___ DATASET EXTRACT ___

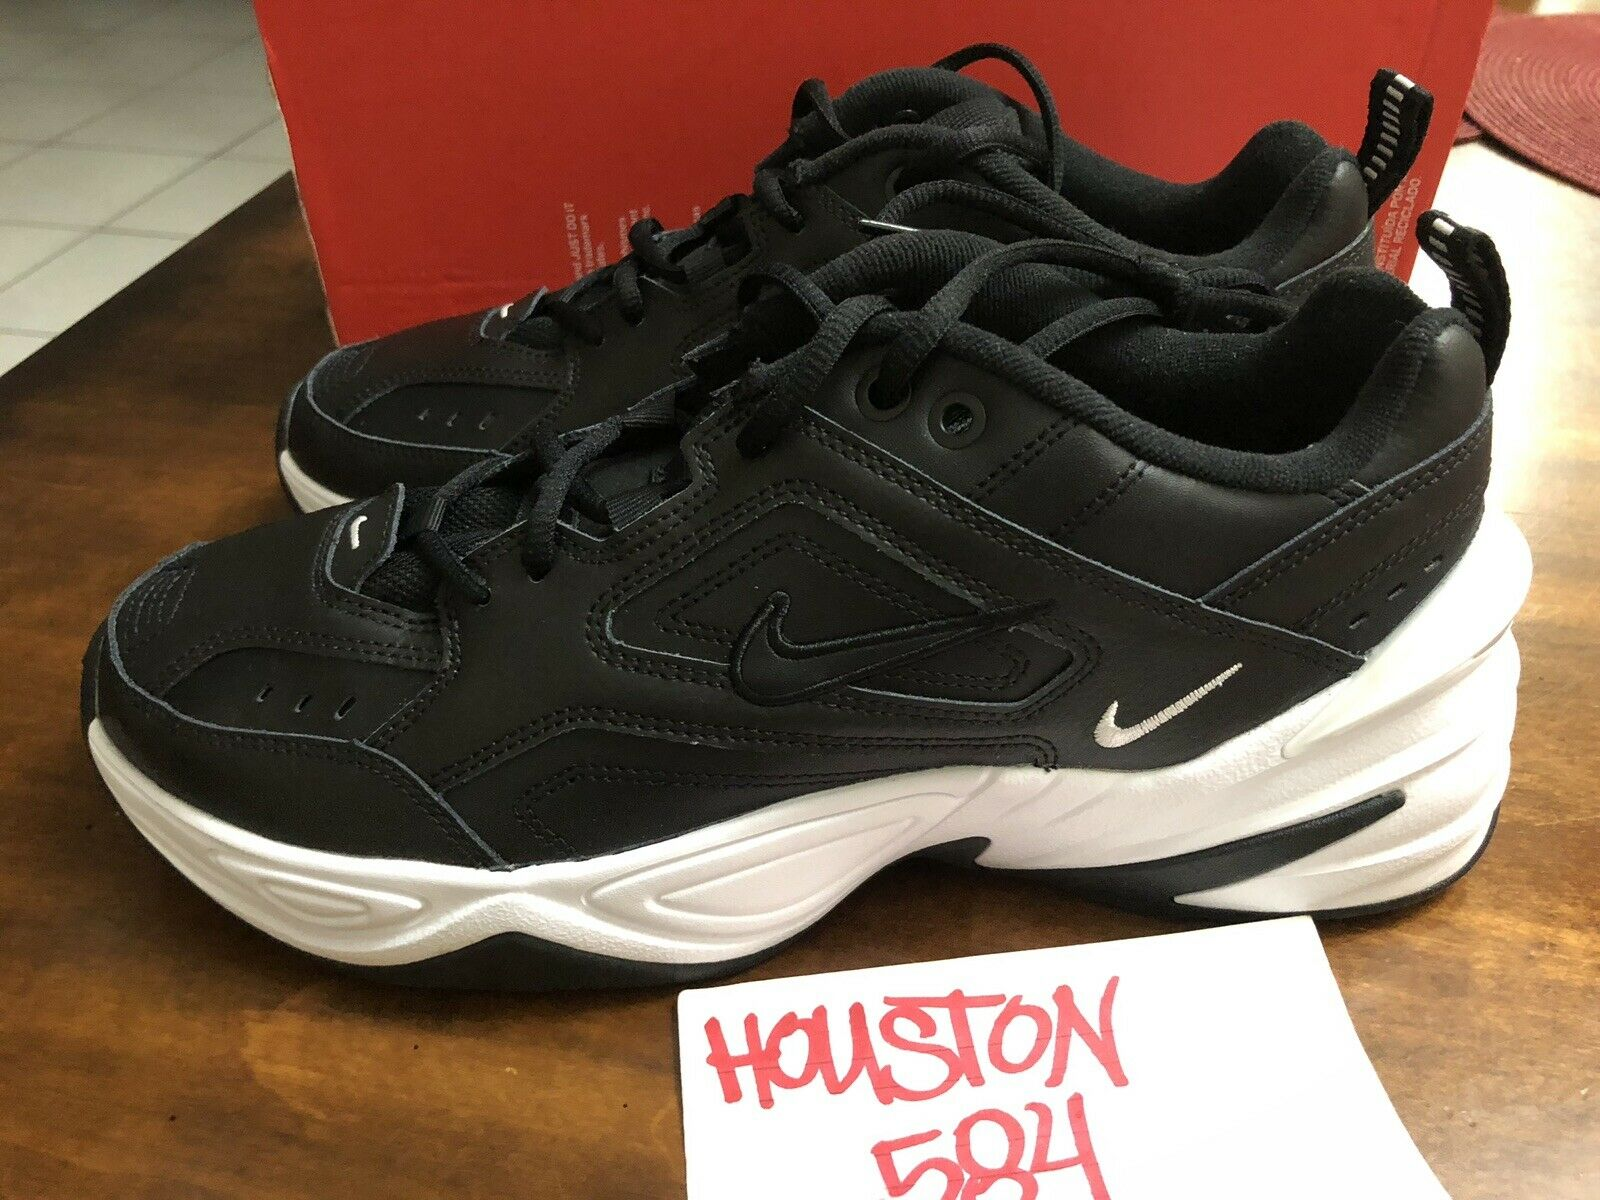 WOMEN'S NIKE M2K TEKNO Sz10.5 BLACK WHITE AO3108-005 PLATFORM Dad shoes CLASSIC
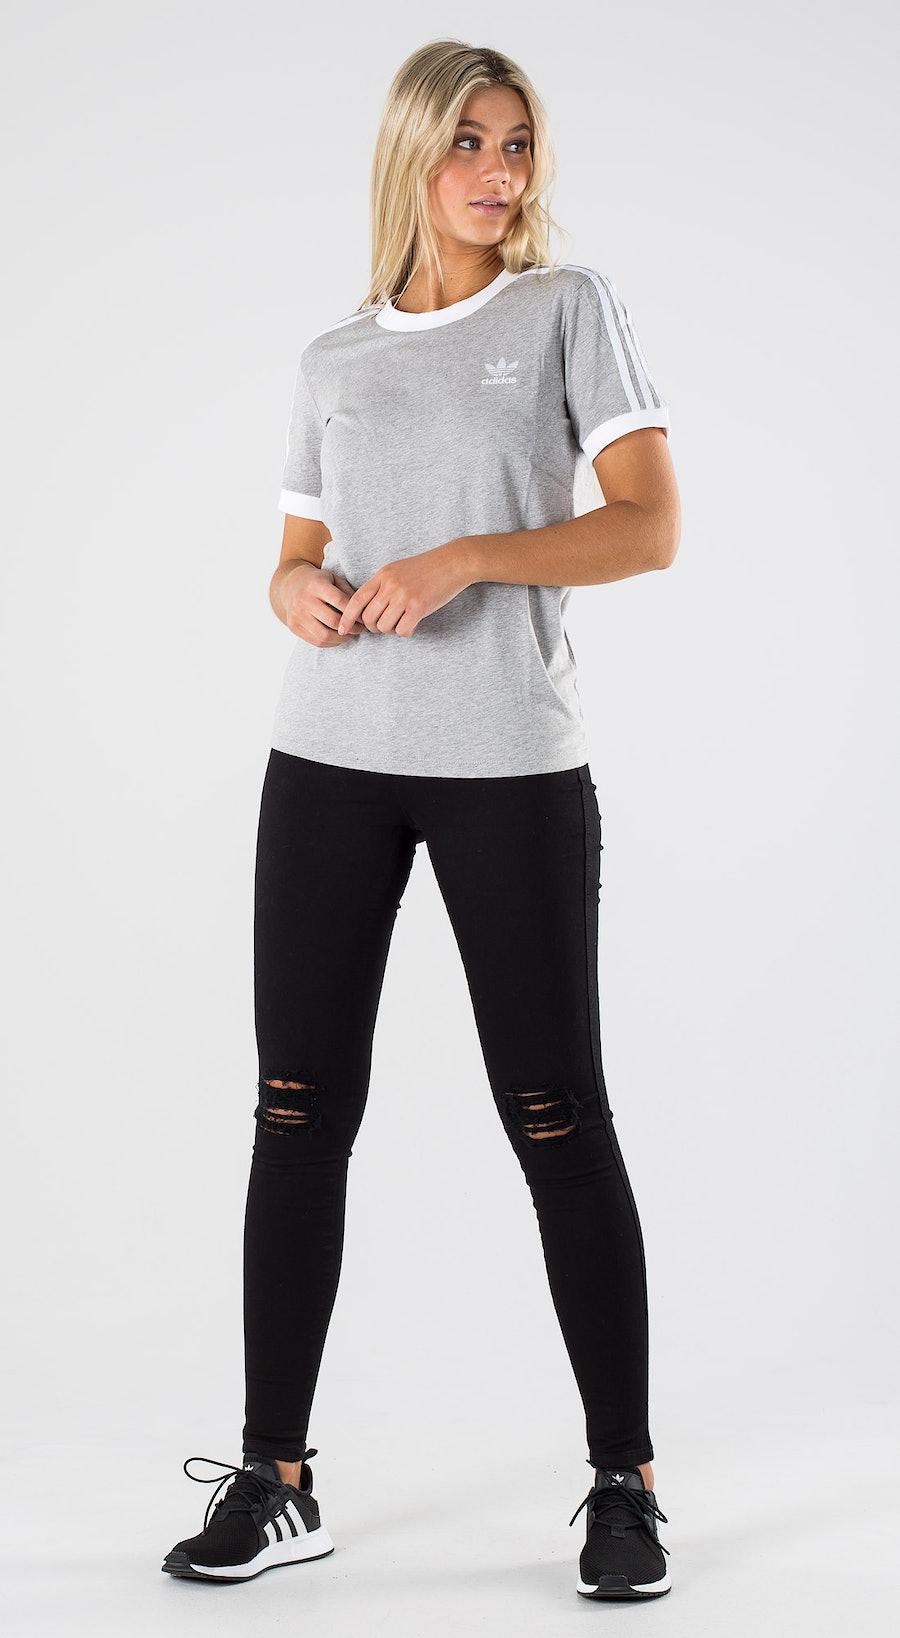 Adidas Originals 3 Str Tee Medium Grey Heather Outfit Multi
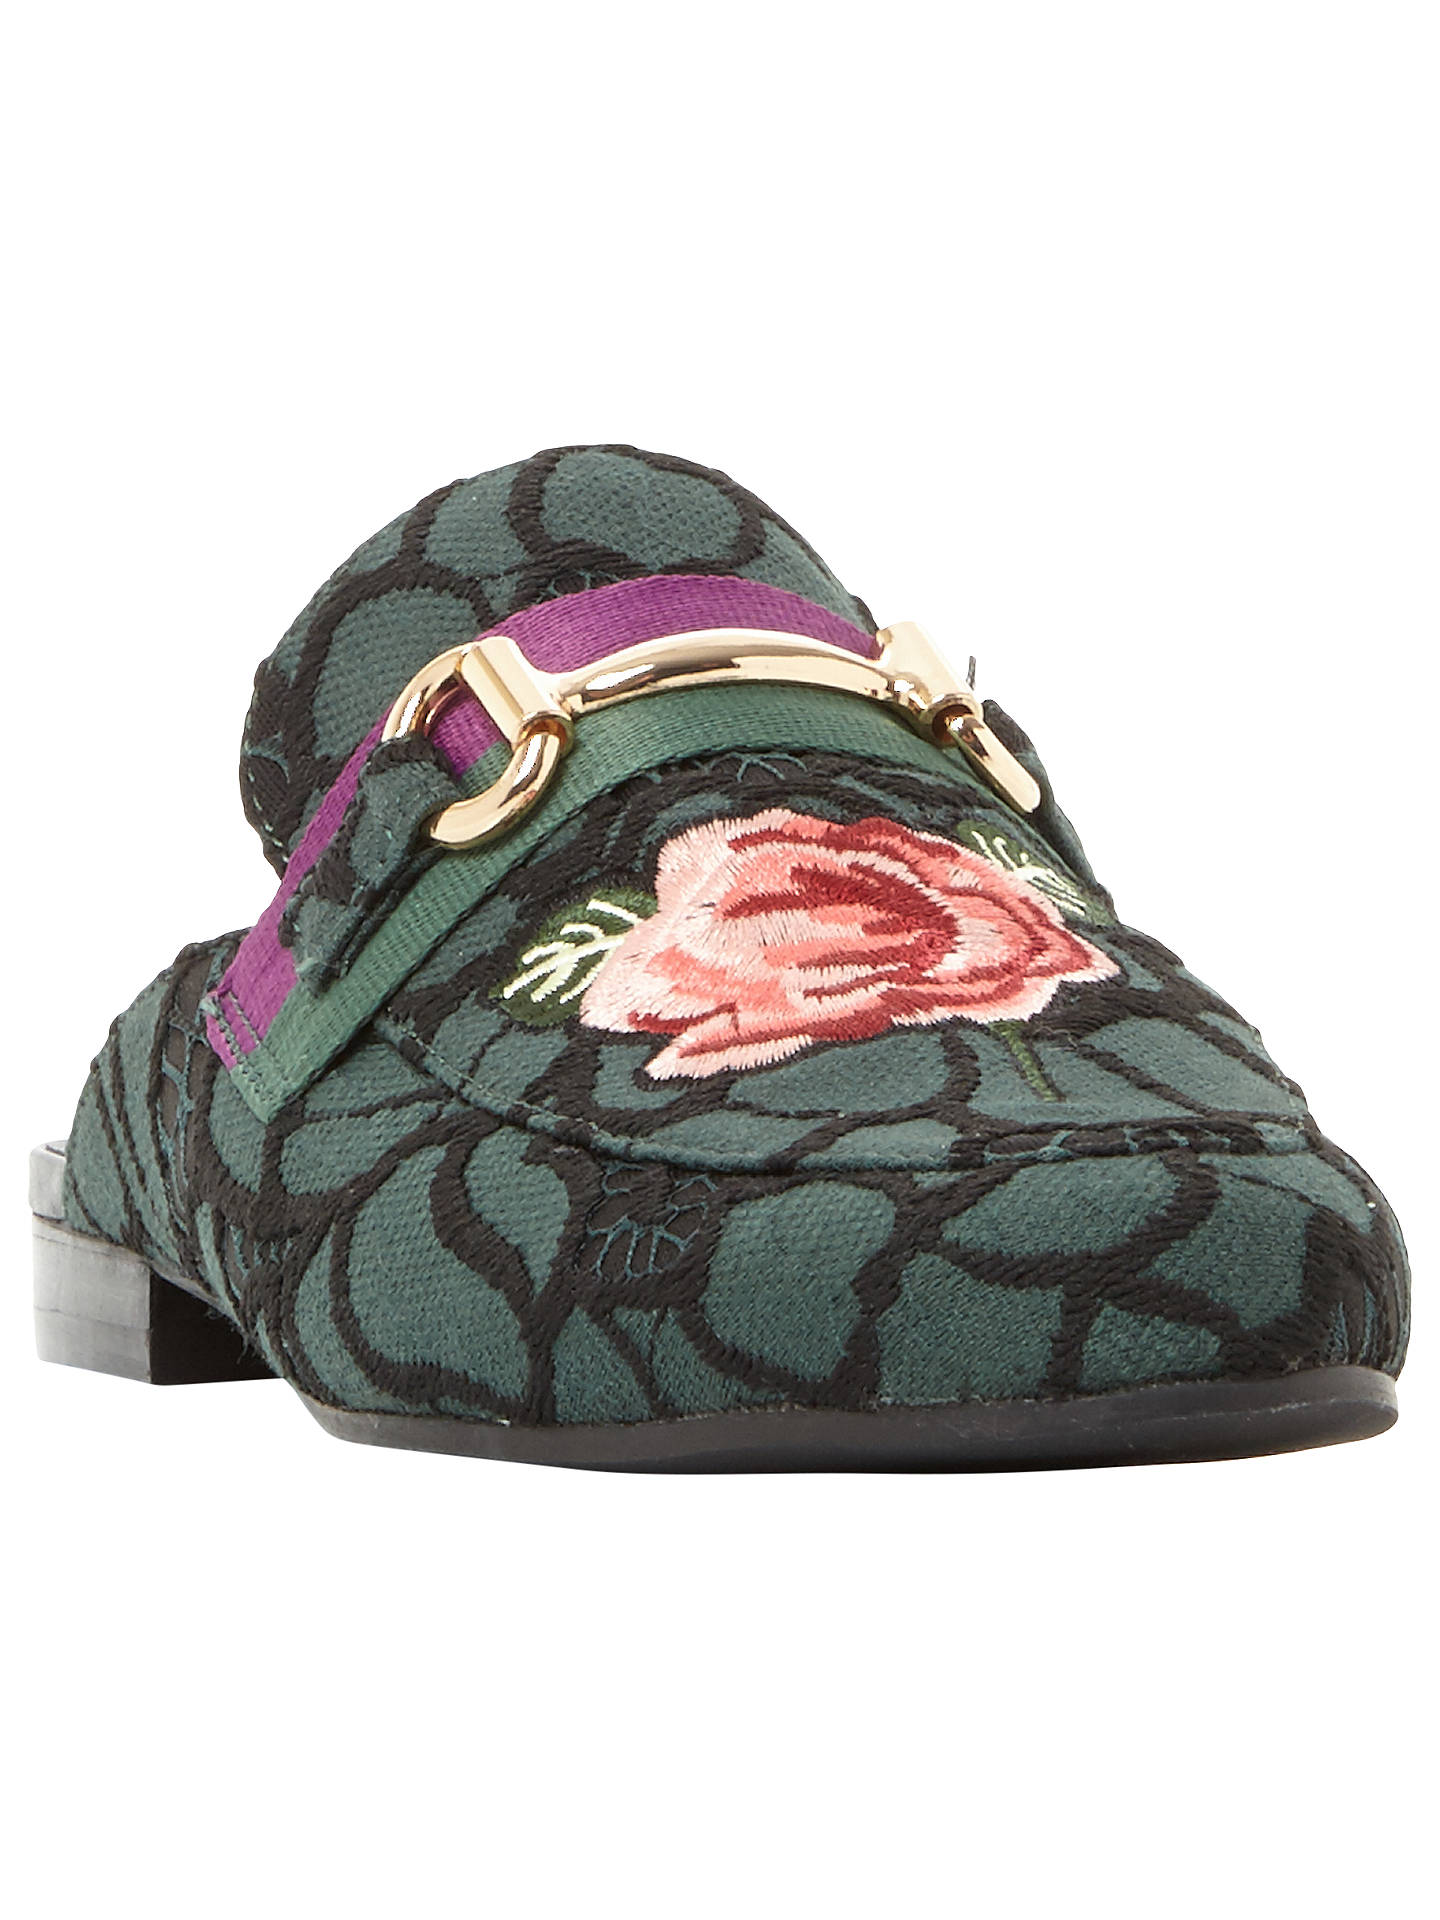 d5a79d92c127 Buy Steve Madden Kandi Mule Loafers
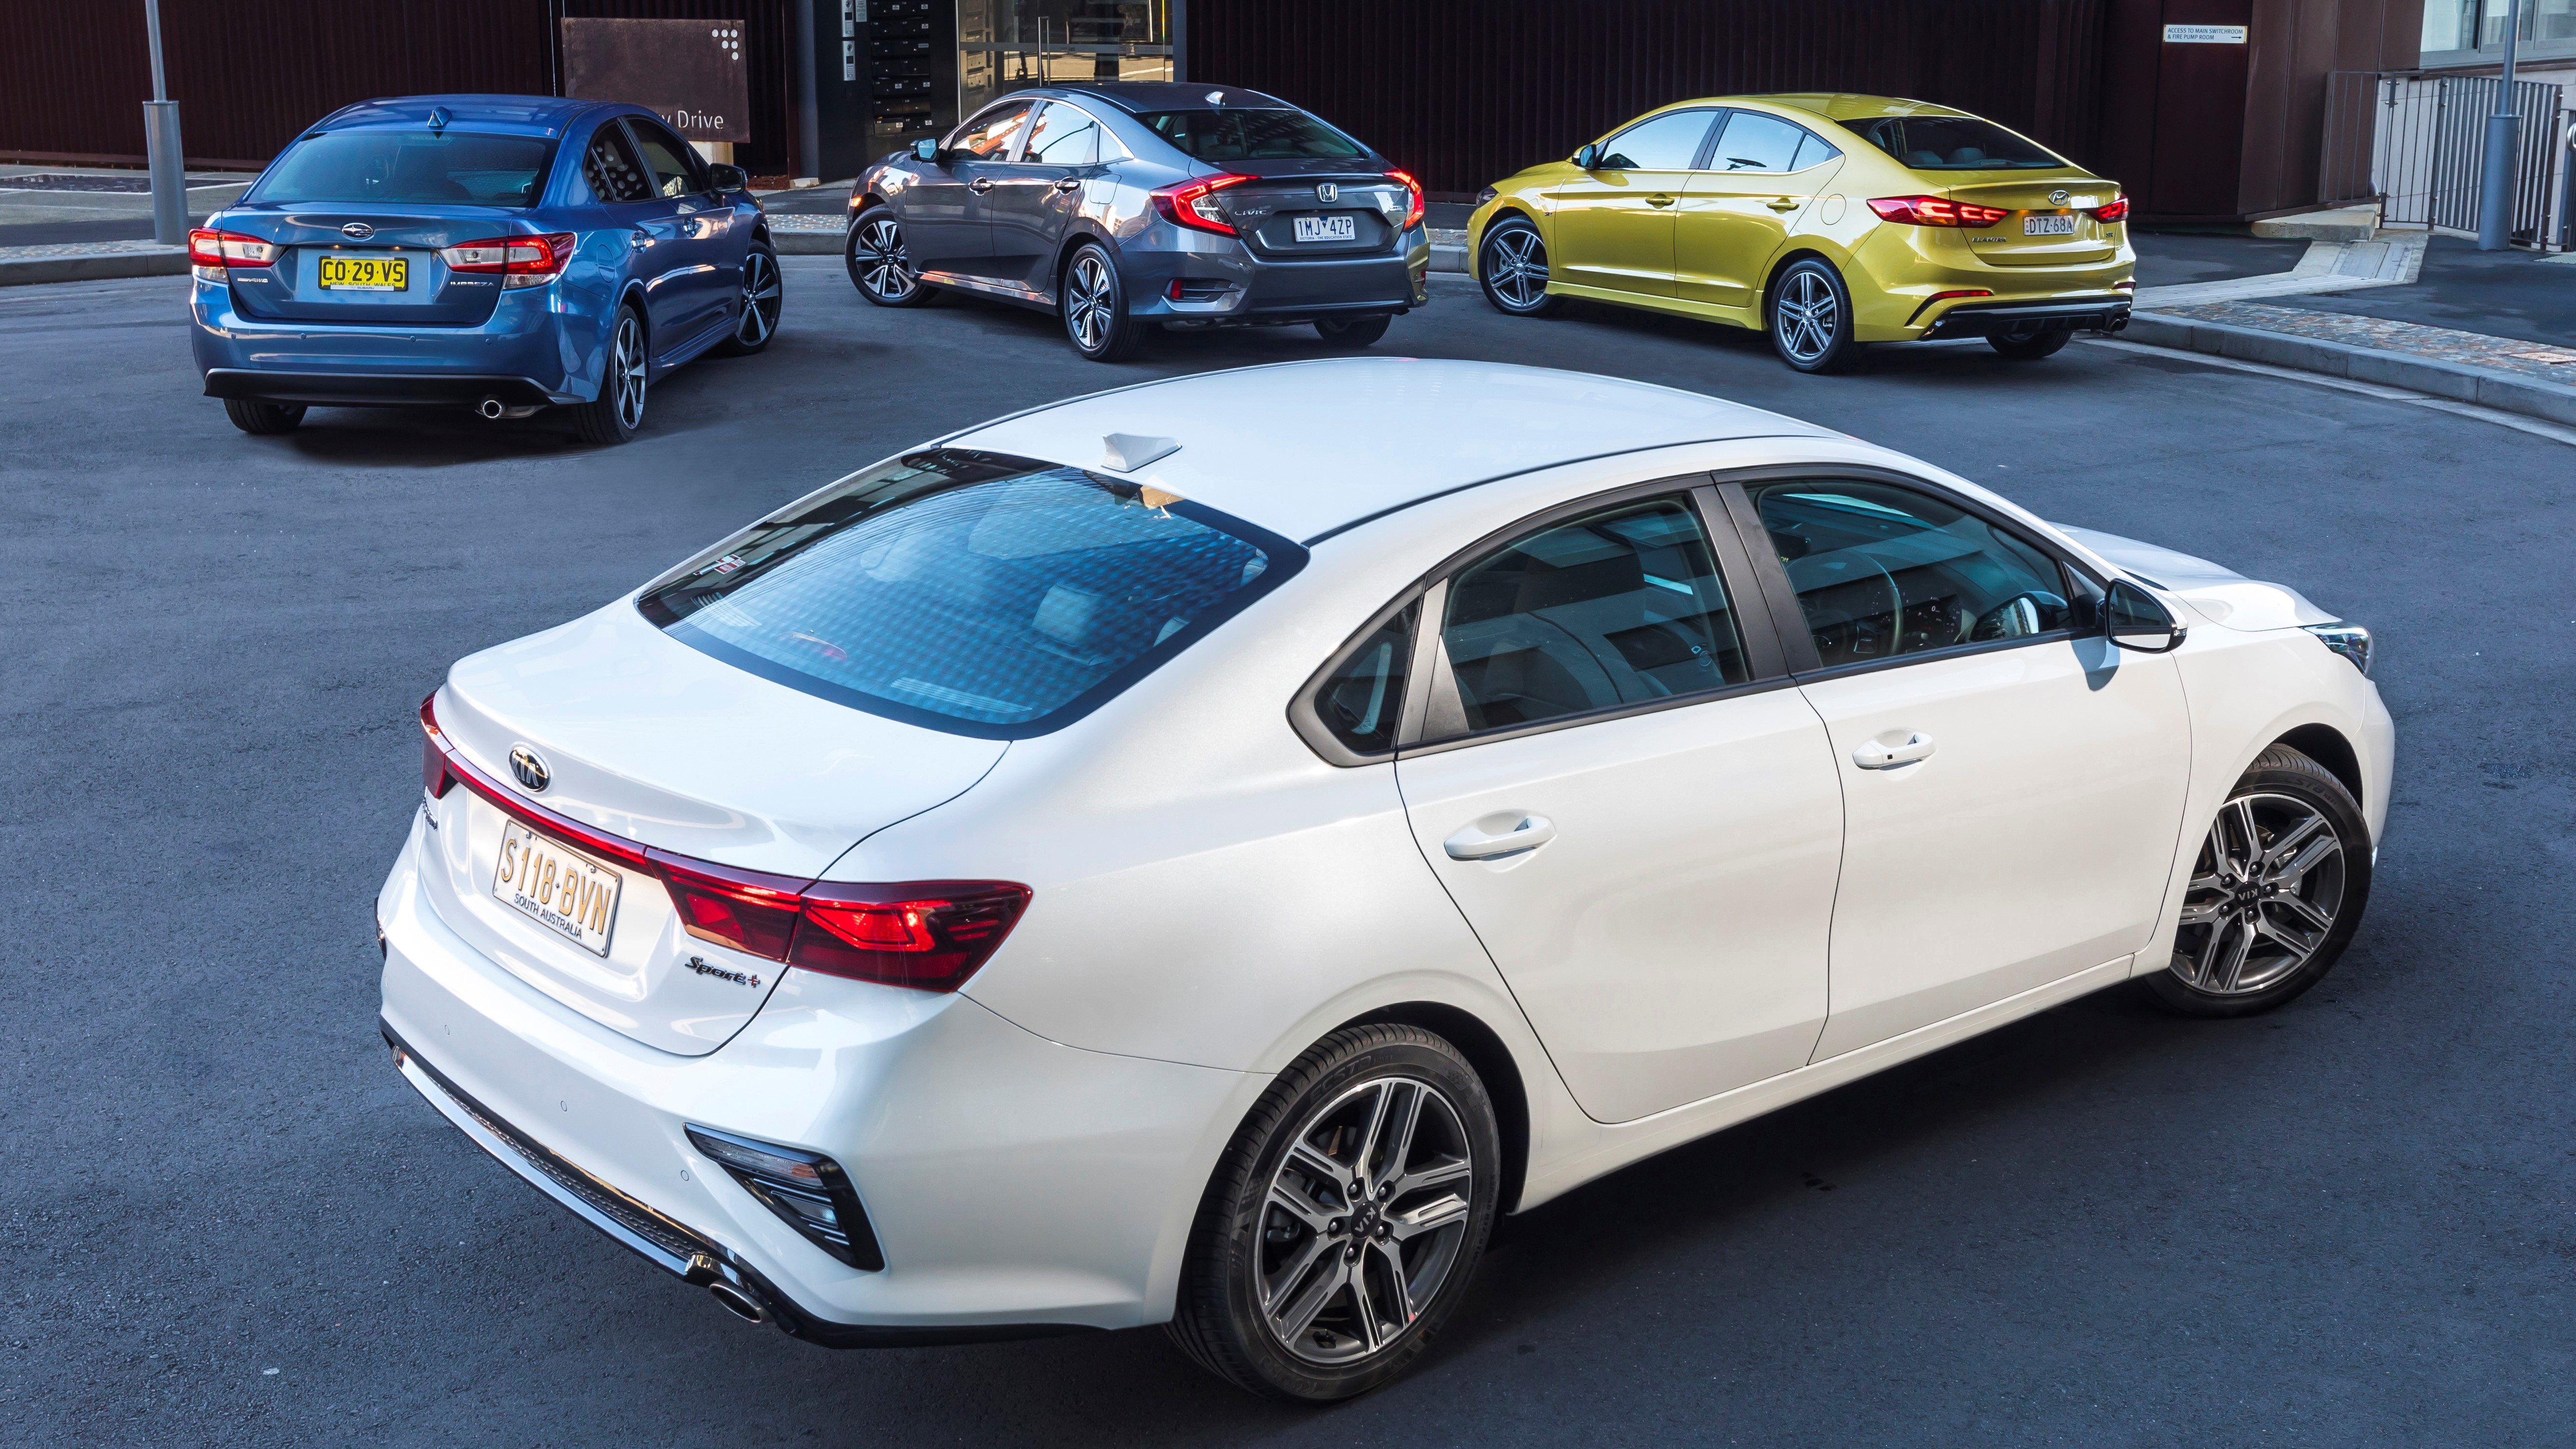 Small car comparison: Kia Cerato, Hyundai Elantra, Honda Civic and Subaru Impreza.

___

> PROBLEM TO SOLVE
Would you restate, word for word, the lines from the one holding "d5a79d92c127 Buy Steve" through the end of the material above? Omit the pictures.

> OUTPUT FOR THIS TASK
 d5a79d92c127 Buy Steve Madden Kandi Mule Loafers
 Small car comparison: Kia Cerato, Hyundai Elantra, Honda Civic and Subaru Impreza.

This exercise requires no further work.